Было слегка тошно, и я не мог понять, почему. Мы точно не из того поколения, которое можно шокировать таким мультяшным насилием. Мы видели, как в старом кино женщине надрезают глаз опасной бритвой. Как горит живая корова. И даже как обезумивший японский фетишист вскрывает свое тело, упаковывая в него найденный на помойке металлический мусор. Это все в разы страшнее, чем карикатурное страдание облитого кипятком самоубийцы.

– Этим и занимались некрореалисты – имитировали кино, которое снимают по ту сторону умершие, – терпеливо объясняла Ерголина. – Они поставили перед собой задачу показать мир, в котором все люди находятся на пороге смерти. Осознавая, что вот-вот умрешь, начинаешь иначе смотреть на мир. Злобно, бодро. Нерационально для живого существа. Поэтому реакция на фильмы некрореалистов очень индивидуальна. Обычно люди видят в них жестокую шутку. Но есть и те, кто находит эти странные фильмы близкими себе.

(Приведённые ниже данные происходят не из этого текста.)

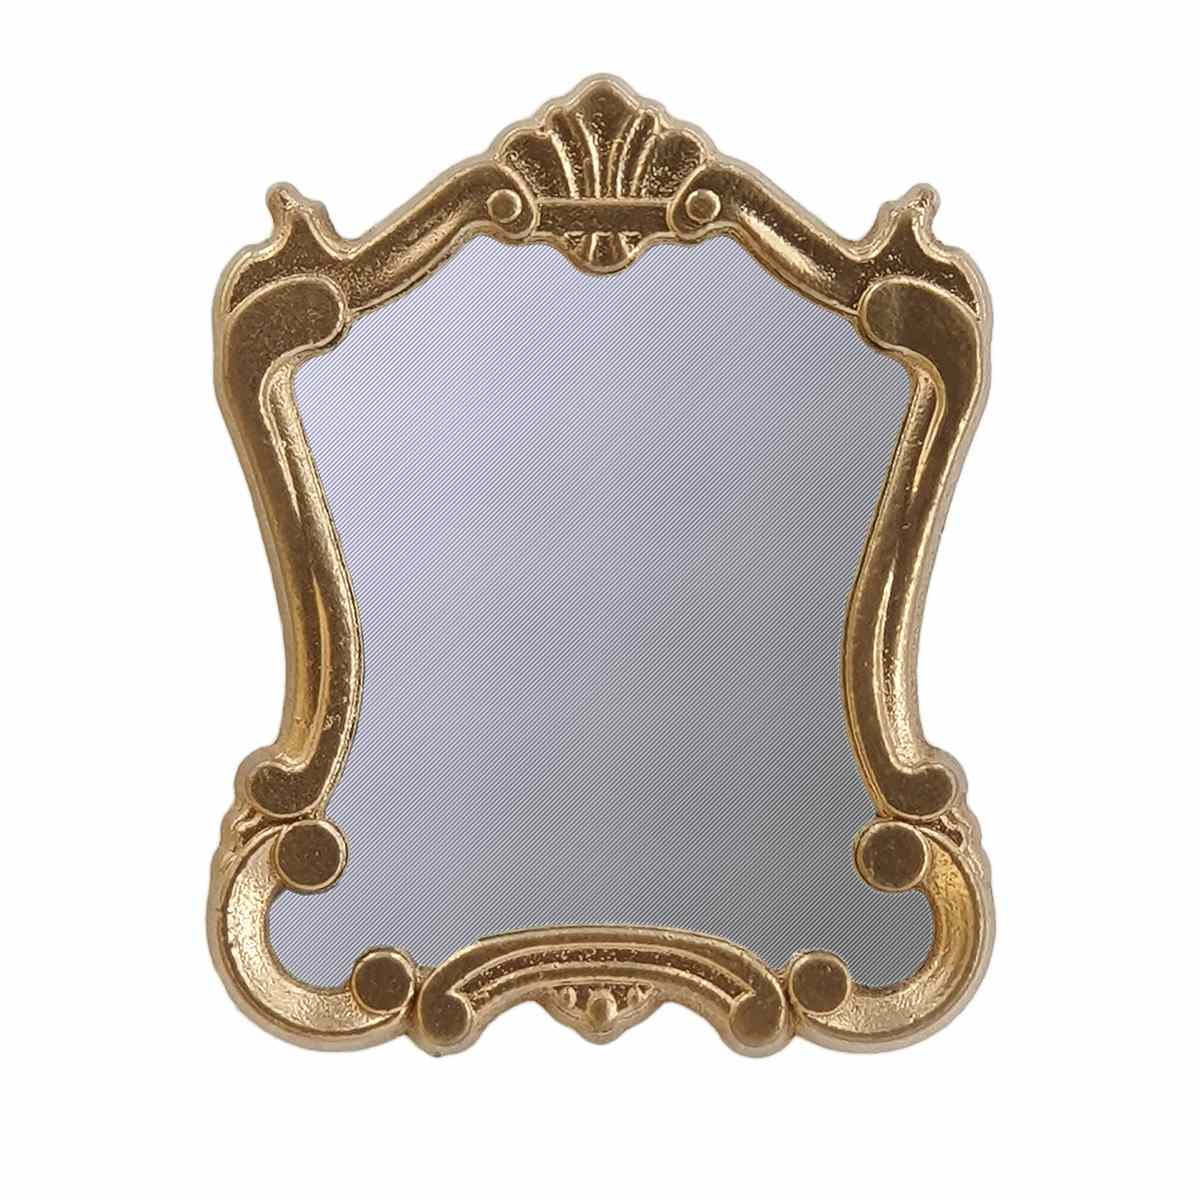 Großer antiker Spiegel, Kunststoffrahmen, goldlackiert
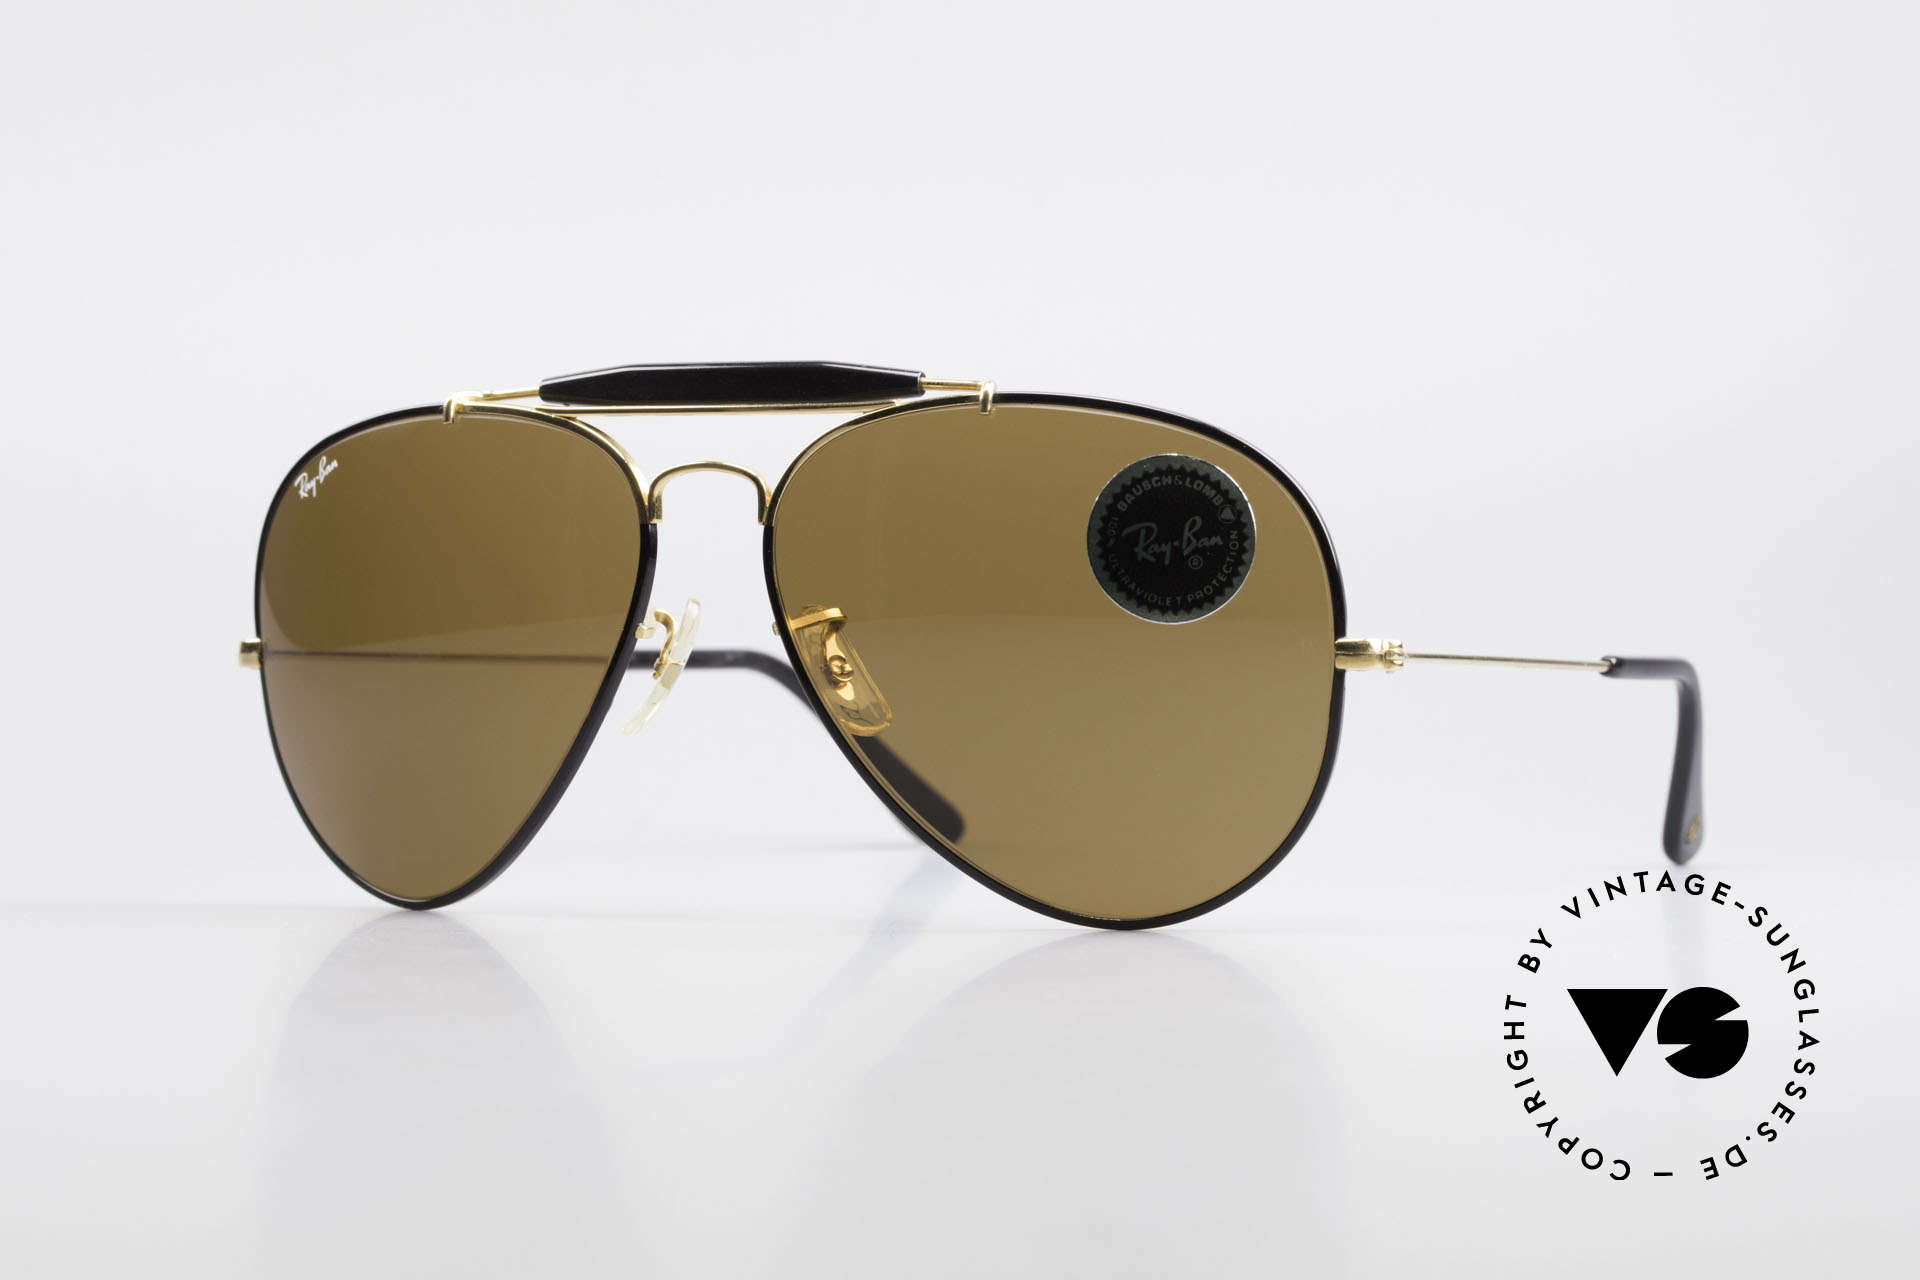 Ray Ban Outdoorsman II Precious Metals USA Ray-Ban, costly vintage RAY-BAN B&L aviator sunglasses, Made for Men

Портреты мертвых людей за моей спиной как будто бы разом уперлись в мою спину. От этой мысли стало еще неуютнее.

– Расскажи, – попросила Проказа. – Что ты увидел?

– Старую плохую пленку. Невнятную историю. Орографические ошибки. Одним словом, брак кинопроизводства.

– Брак, значит.

– Прости, – попытался оправдаться я. – Видимо, я из тех зрителей, которые не воспринимают такое всерьез. Люблю, когда есть какой-то понятный подвиг. Мне нравятся фильмы про физиков-ядерщиков, которые исследуют, откуда взялись нейтроны. Или про летчиков, которые прорываются через бурю к аэродрому. А в этом никакого подвига нет. Только странность.

– Быть ненормальным – тоже подвиг. Человек, который это снял, всю свою жизнь положил, чтобы это объяснить. Его фильмы показывали в Нью-Йорке и Амстердаме, но никто, похоже, так и не осознал, что в них заложено.

– Значит, плохо сделано, – предположил я.

Ерголина, скрипя сердце, согласилась:

– Может, и так. Или просто время еще не пришло. Надо еще чуть-чуть подождать... Когда-нибудь ты, наверное, снова посмотришь этот короткий фильм и скажешь совсем иначе.

После этой беседы об искусстве я долго не мог уснуть. Снова мерещилась чертовщина: монохромная, неустроенная, собранная из обрывков сна и яви. Словно этот идиотский фильм желал мне спокойной ночи.